The studies included in the SRR have been described in a systematic manner. Initially, a brief description of the different studies in reference to the problem, hypothesis, methodology, adequacy of the sample size on the basis of power, and determination of both internal and external validity was indicated and later results were presented based on the intervention effects. The manner in which the results were presented in the SRR was clear, but indications of statistical significance were not included in all study results, yet no justification was indicated for this omission. Imperative results of any research are those which indicate high levels of statistical difference or associations; hence, it is not wrong to assume that no significant results emerged in such instances. The authors have been cautious of the validity of their SRR, and they have explained the possible areas where bias might have emerged, including lack of blinding as a potential source of bias (Karanicolas, Farrokhyar, & Bhandari, 2010). However, the aspect of reliability was not covered.

The SRR indicated a positive correlation between helmet use and bicycling safety. Unfortunately, the study did not determine the influence of the bicycle helmet legislation on societal and health domains. On the basis of the inclusion criteria, only 6 studies were included in the SRR. One study indicated a reduction in mortality rate of children younger than 16 years by 52% in the intervention group, which is equivalent to 55% reduction in mortality per 100,000 persons. Three studies evaluated the effect of bicycle helmet legislation on head injury and it was found out that despite reduction in head injury after the introduction of bicycle helmet legislation, this reduction was not statistically significant for both children (p=0.19) and adults (p=0.40). In another study, injuries among individuals aged 17 and younger significantly reduced (p=0.001) but the same was not observed in the adult population (p=0.505). Odds ratios were used to determine the odds of occurrence of traumatic brain injury (TBI), other head and facial injuries and injuries below the neck. The results indicated reduction in TBI (OR 0.82; 99% CI 0.76 TO 0.89) while reduction was not seen in head and facial injuries (OR 1.08; 99% CI 0.90 to 1.23) and injuries below the neck (OR 1.09; 99% CI 1.05 to 1.13). ORs in the adult group for TBI, head and facial injuries and injuries below the neck were OR 1.01; 99% CI 0.93 to 1.10, OR 1.05; 99% CI 0.9 to 1.22 and OR 0.99; 99% CI 0.97 to 1.02, respectively.

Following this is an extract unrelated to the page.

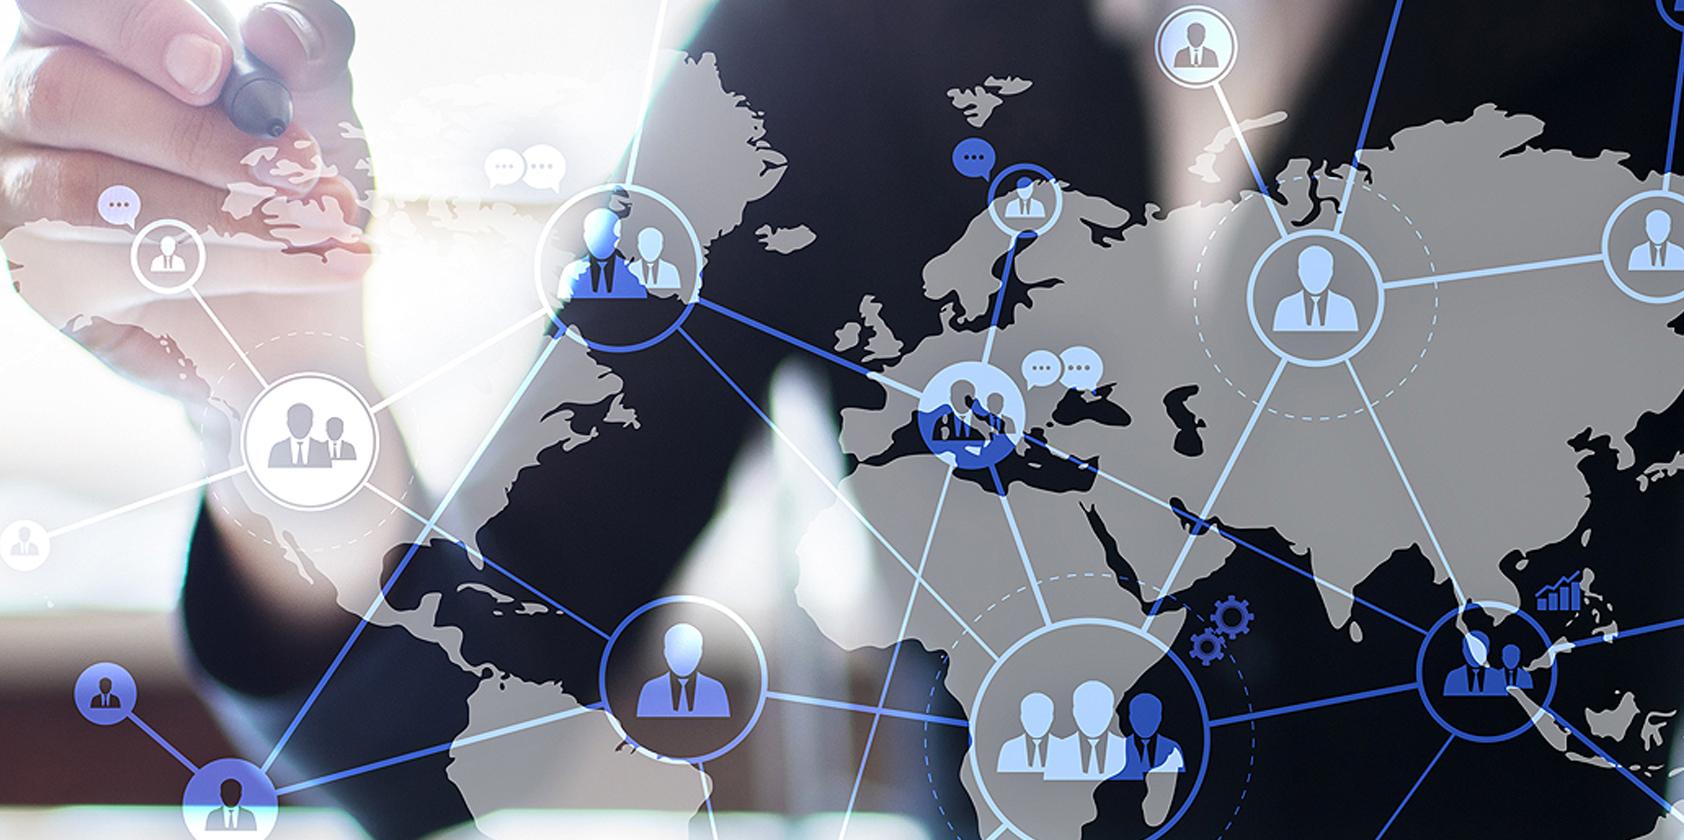 IT Talent Acquisition & Deployment

In Canada, bicycle helmet legislation indicated a 45% decline in the occurrence of head injuries in the intervention provinces in comparison to 27% reduction in the control provinces. The variation between the control and intervention was significant (p<0.001) and head injuries were shown to have significant decreases in comparison to other types of injuries in both intervention and control provinces. Two studies on helmet use indicated that helmet use enforcement programs have more effect on children than teens and adults. Similar results were realized in two other studies that examined the association between helmet use enforcement programs and actual helmet use.

The SRR revealed that bicycle helmet legislation had a significant effect on head injuries. Therefore, nurses can use this information in their practice when educating and promoting bicycle safety through helmet use. The fact that helmet use enforcement programs are effective on children helps in planning for education, campaign and promotion activities among children. The SRR reveals a challenge for the nursing practice because the bicycle and helmet legislation as well as the helmet enforcement programs have no effect on injury outcomes among adults as well as on helmet use in this population. Therefore, future research should take up a qualitative approach to find out from the adult population what would stimulate their increased usage of helmets and associated reduction in bicycle related injuries.